Peridot is a relatively soft stone, rating a 6.5 to 7 on the hardness scale, making it a little softer than amethyst or emerald. Peridot should be spared rugged wearing if mounted in rings.
Unlike other stones, the colour range for peridot is narrow, from a brown-green colour to yellowish green to pure green. Peridots with a more intense and darker olive-green colour tend to be more sought after. Yellowish green is the most common peridot colour seen in jewellery and that you'll see in our collection.
Before a coup d’etat in 1962, Burma was still a thriving peridot producer, principally in its North Central Mogok district. Like Egypt, Burma still produces some gems, but these two countries are no longer the thriving producers they once were.
Most of the peridot mined today comes from China, Pakistan, and Arizona and the gems that are found are mostly under 3 carats.
Two of the finest peridot collections in the world can be found at the Field Museum in Chicago, and the Museum of Natural History in New York.Other newer sources include Mexico, Oregon, Norway, Russia and Sri Lanka.
Caring for your Peridot jewellery:
The best and safest way for you to clean your peridot, is with warm, soapy water. You should take special care of your peridot to ensure that it does not come in contact with drastic temperature changes, which can damage the stone. You should also protect your stone from scratches and sharp blows and avoid any contact with chemicals. Peridots should not be cleaned in ultrasonic or steam cleaners.
Other fascinating facts and a poem:
1. Peridot is not only born of fire here on earth, but it has also arrived to Earth from outer space. Although many different gems can be found in meteorites that have fallen to earth, peridot is the only one that is found in large enough pieces to make jewellery from.

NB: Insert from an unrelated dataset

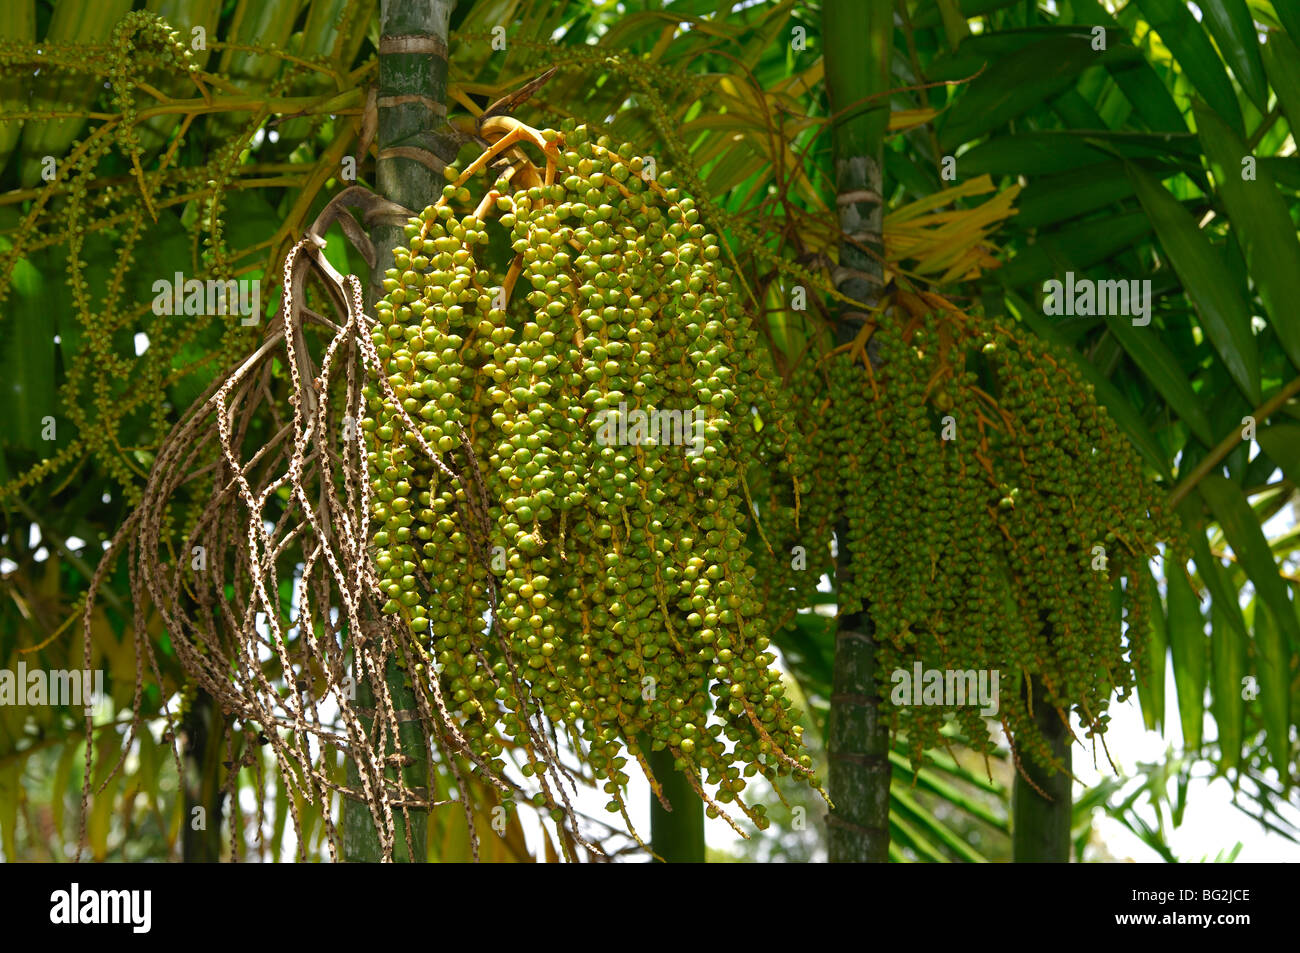 TÌNH YÊU CÂY CỎ ĐV 11   - Page 20 Fruits-of-a-palm-tree-caryota-cumingii-arecaceae-mauritius-BG2JCE

2. Peridot has a particularly high double refraction. This means that when one closely observes the stone, they’ll most likely see double, that is to see two of each pavilion facet.
3. Although the popularity of peridot somewhat declined until the 1900's, deposits found in the Kashmir region, some of the finest ever mined, helped to restore admiration for the gem.
4. Chrysolite is another name for peridot . Since ancient times it has been considered a tradesman’s stone, most likely because the word gold features in its name (in Ancient Greek, “chrysos” meant gold and “lithos” – stone).
5. In the Middle Ages, bankers chose it as their talisman as the stone’s green tint (the colour of hope) signified luck for its owner.
6. Peridot is sometimes called a “poor man’s emerald” or an “evening emerald” because its yellow hue disappears under artificial light and the stone looks green.
7. The most valuable peridot has bright yellow-green colour tones. Stones of more than 8 carats have collector status.
8. The rarest forms of peridot are cat’s eye peridot and star peridot. The effect is created by the parallel needle shaped rivets inside the stone.
9. The largest cut peridot is 310 carats and displayed at the Smithsonian Institute in Washington, D.C. Another, a yellowish green stone weighing 192.75 carats, used to belong to the Russian royal family and is now in Russia’s Diamond Fund.
10. The most famous peridot jewellery collection comes in the form of a tiara, necklace and earrings owned by the Austrian Grand Duchess Isabella. In 2001, these jewels were sold by Sotheby’s in London as part of the Magnificent Antique Jewels event and purchased by the jewellery brand Fred Leighton.